The Porters’ problem could be described in one word: turnovers. Six turnovers were too much to overcome. Wyandanch scored 14 points off those turnovers. And yet, it could have been worse for Greenport/Southold/Mattituck/Shelter Island. Two Wyandanch touchdowns were nullified by penalties.

A 20-yard touchdown pass on a fourth-and-10 play from Gay to Justice Brughton opened the scoring. Wyandanch went on to take an 18-0 lead when the Porters recovered their own fumble in their end zone for a safety.

The Porters twice pulled to within six points after that, but weren’t able to prevent Wyandanch from winning back-to-back games for the first time since 2000.

“Everything just kind of came together,” Ed Gay said. “We knew we had the athletes.”

The Wyandanch coach said he expected his two injured players to be O.K. “We’re going to get banged up; it’s football,” he said. “Those guys, they were fighting.

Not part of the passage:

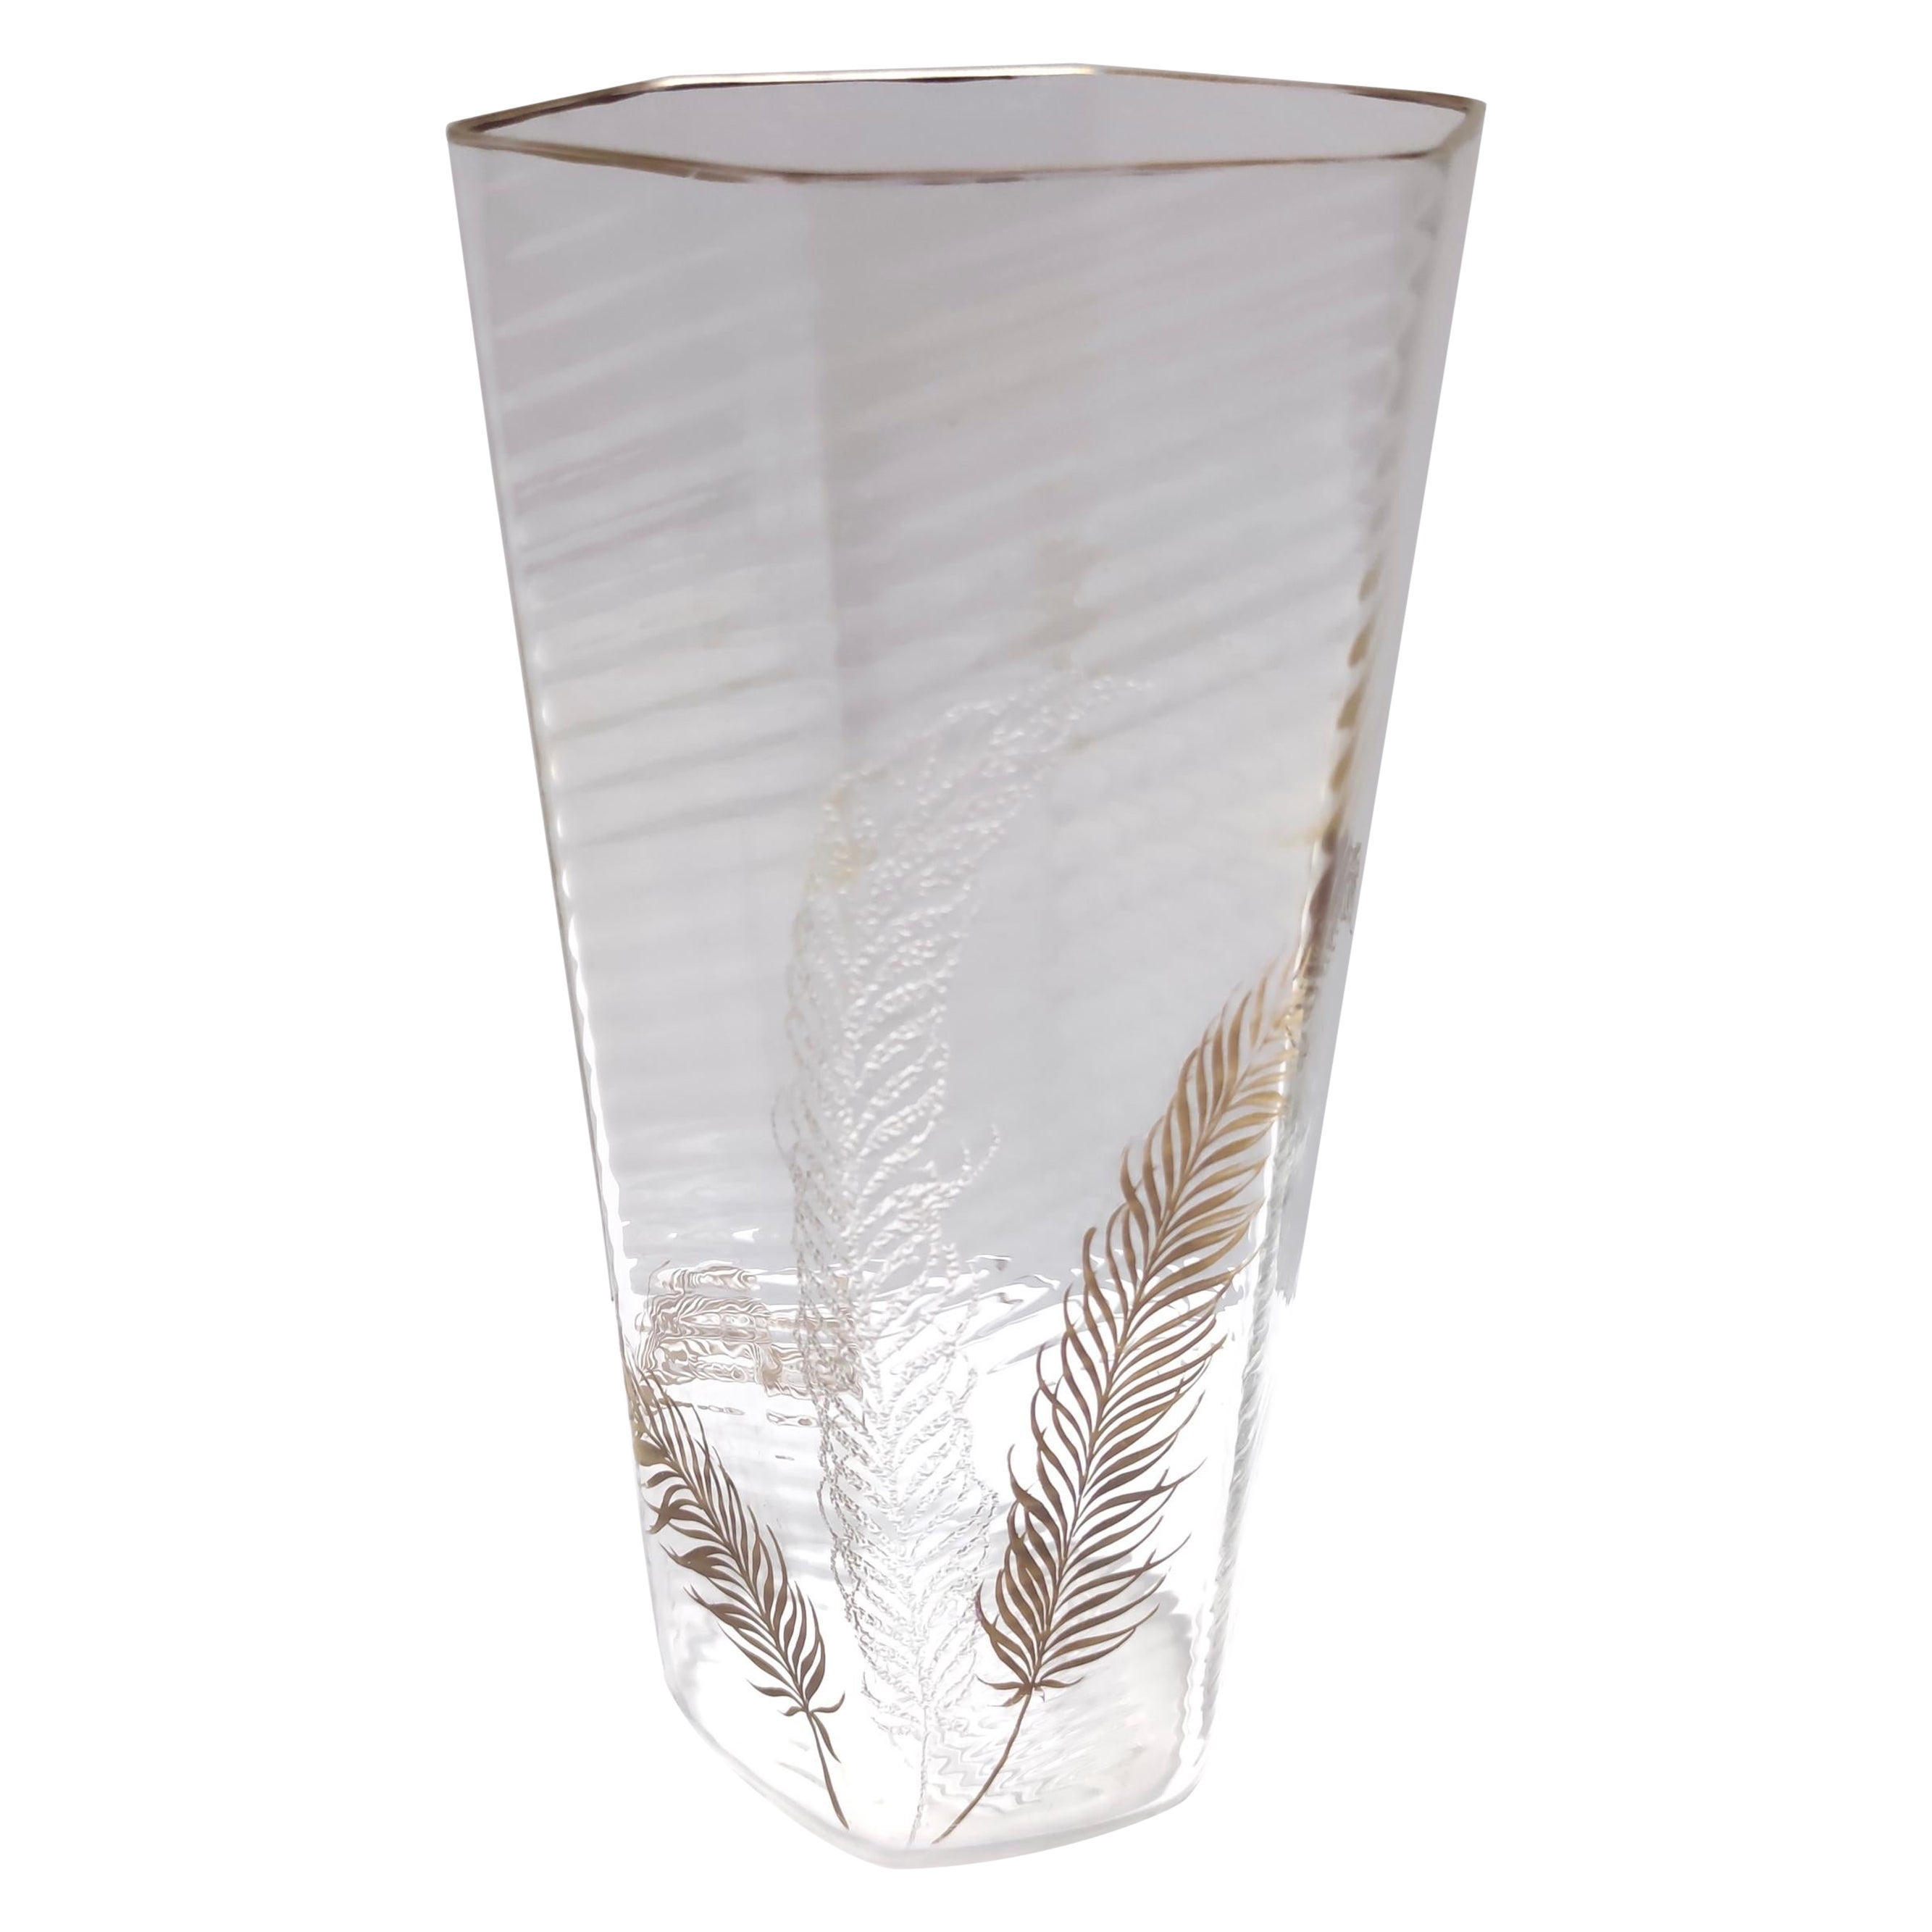 Rare and Elegant Transparent and Gold Hexagonal Murano Glass Vase by Cenedese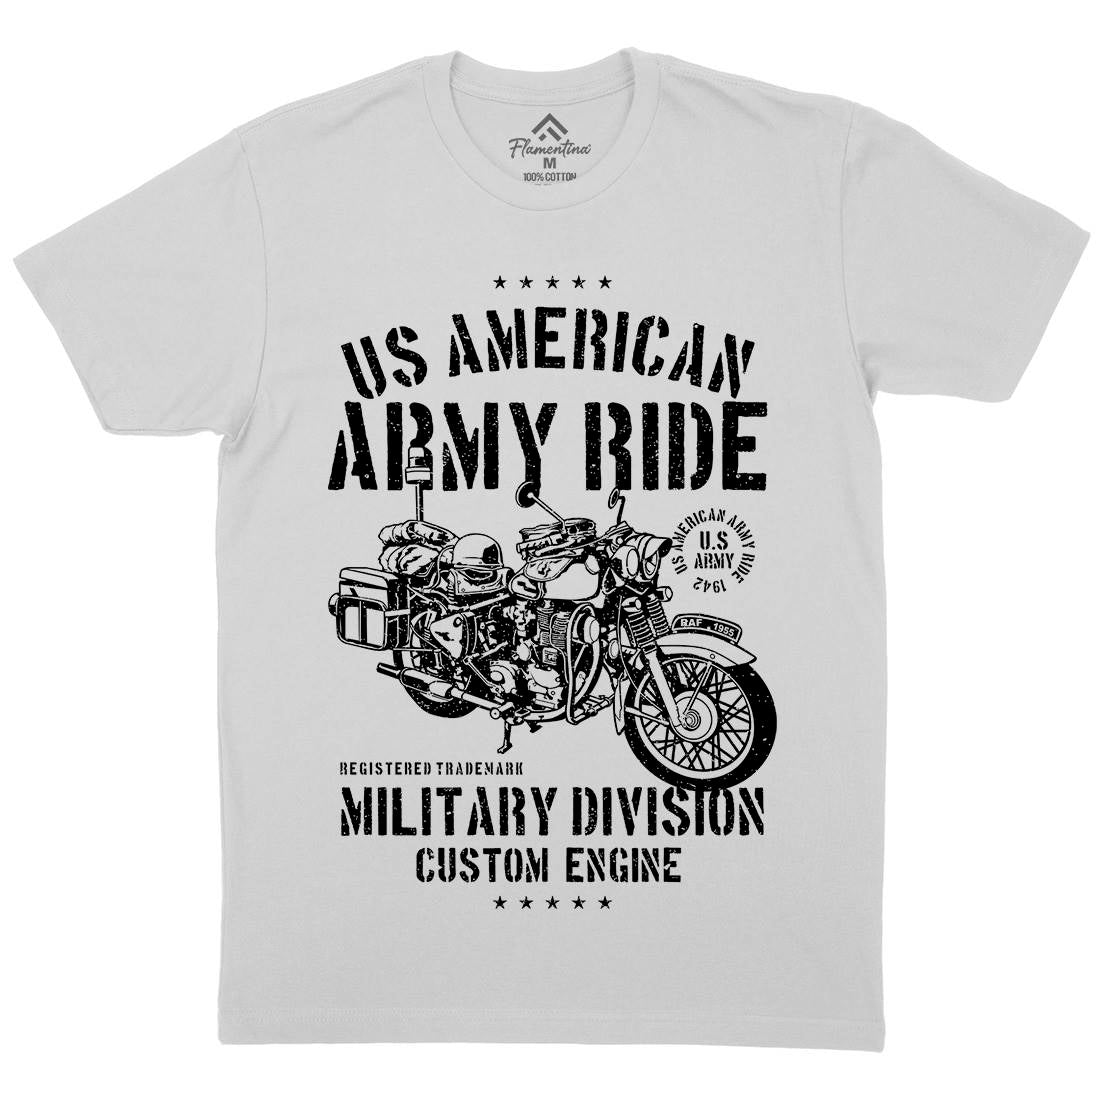 Ride Mens Crew Neck T-Shirt Army A613

I mean, they were 0 and 4 and they were fighting. I got to give it to them.”

Turnovers had not been a major issue for the Porters. They had nine turnovers in their previous four games.

“You got to hold onto it,” Martilotta said. “We got in a hole early and we fought the whole game to get out of it. I [thought] that we were going to get out of it, but we just kept dropping that ball.”